Abstract

Accurate and timely detection and classification of lung abnormalities are crucial for effective diagnosis and treatment planning. In recent years, Deep Learning (DL) techniques have shown remarkable performance in medical image analysis. This paper presents a novel and promising approach, namely DCNN-GRU, for improving the detection and classification of lung abnormalities. Our proposed model combines the capabilities of a Deep Convolutional Neural Network (DCNN) with a Gated Recurrent Unit (GRU) while incorporating Explainable AI techniques. Specifically, the DCNN-GRU model leverages the power of CNNs to automatically extract meaningful features from lung images, capturing both local and global patterns. The extracted features are fed into a GRU, which effectively models temporal dependencies and captures sequential information inherent in lung images. This integration allows the model to understand complex lung abnormalities accurately. Additionally, we emphasize the integration of Explainable Artificial Intelligence (XAI) techniques like LIME, SHAP, and Grad-CAM to enhance the interpretability and transparency of our model.
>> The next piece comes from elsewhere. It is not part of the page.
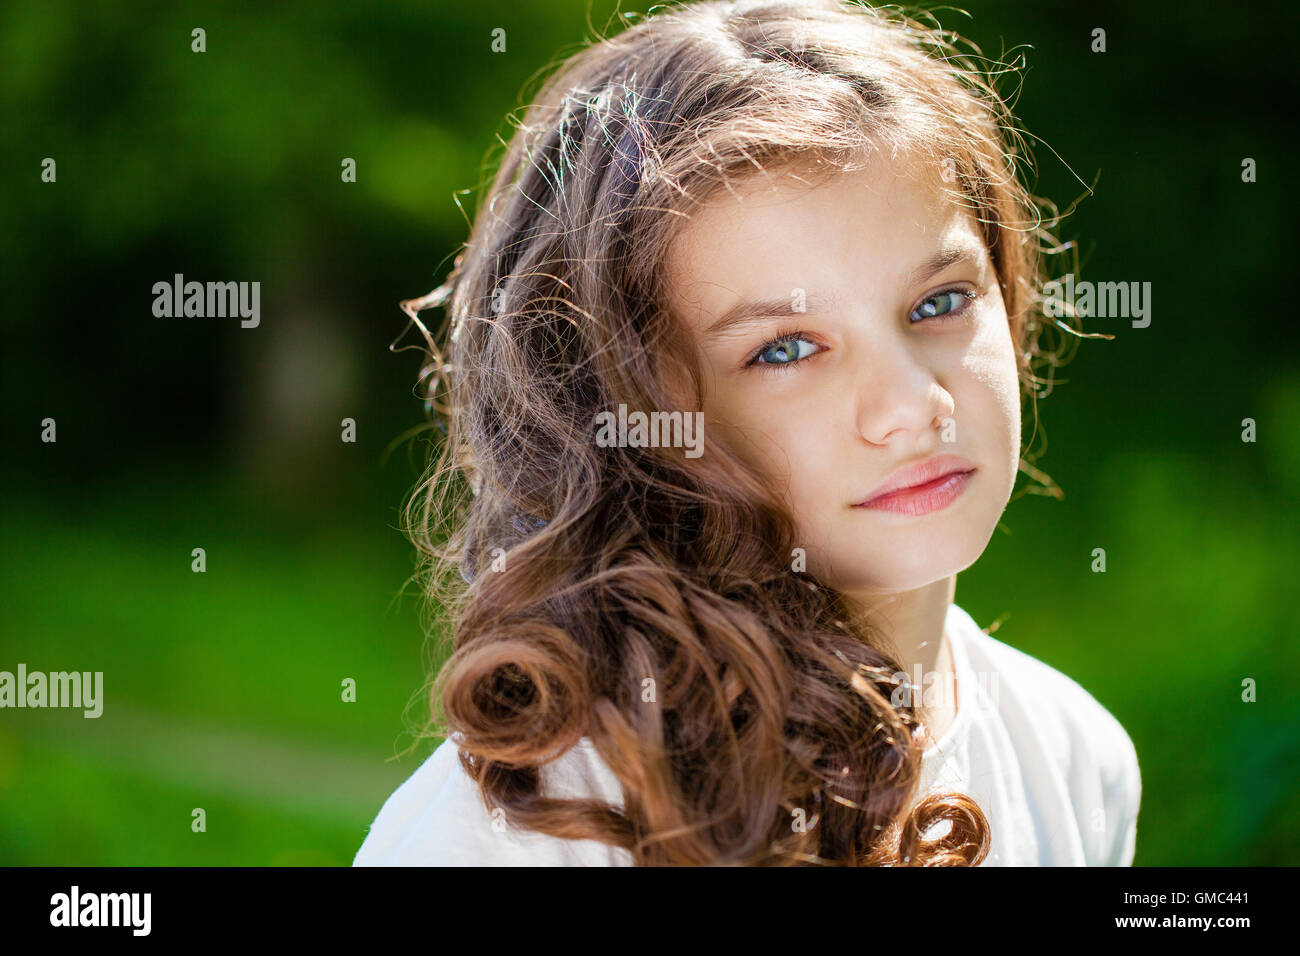 Young Little Russian Girl
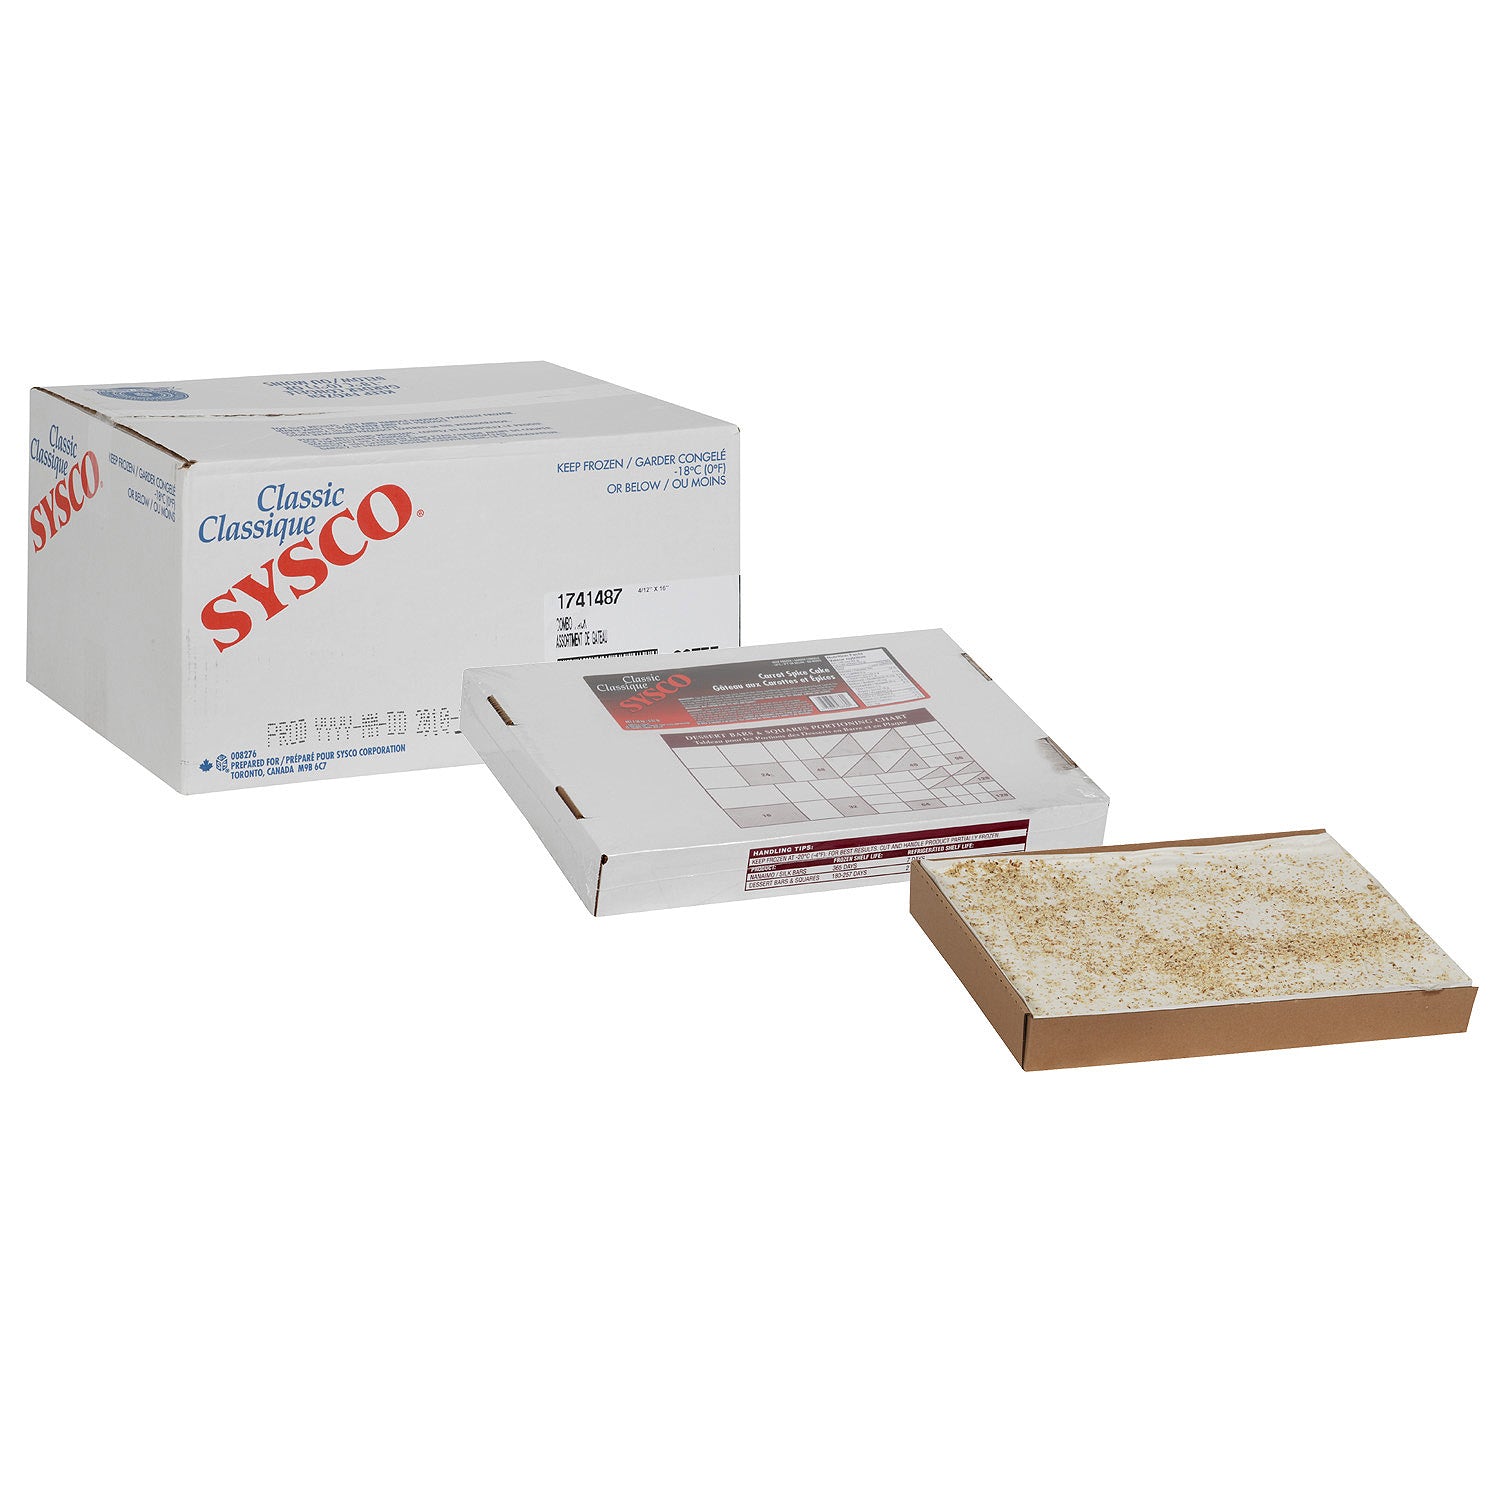 Sysco Classic Assorted Sheet Cakes 4ct [$0.47/serving]

To evaluate the proposed approach, we conducted experiments on COVID-19 and Lung cancer using two different datasets. The model achieved a promising accuracy of 99.30% and 98.97% for COVID-19, and lung cancer, respectively. Furthermore, the model significantly reduces training time compared to existing approaches. The results demonstrate that our model outperforms existing approaches, achieving a high accuracy rate in detection and classification tasks. Furthermore, the XAI provides valuable insights into the model’s decision-making process, aiding clinicians in understanding and validating the predictions.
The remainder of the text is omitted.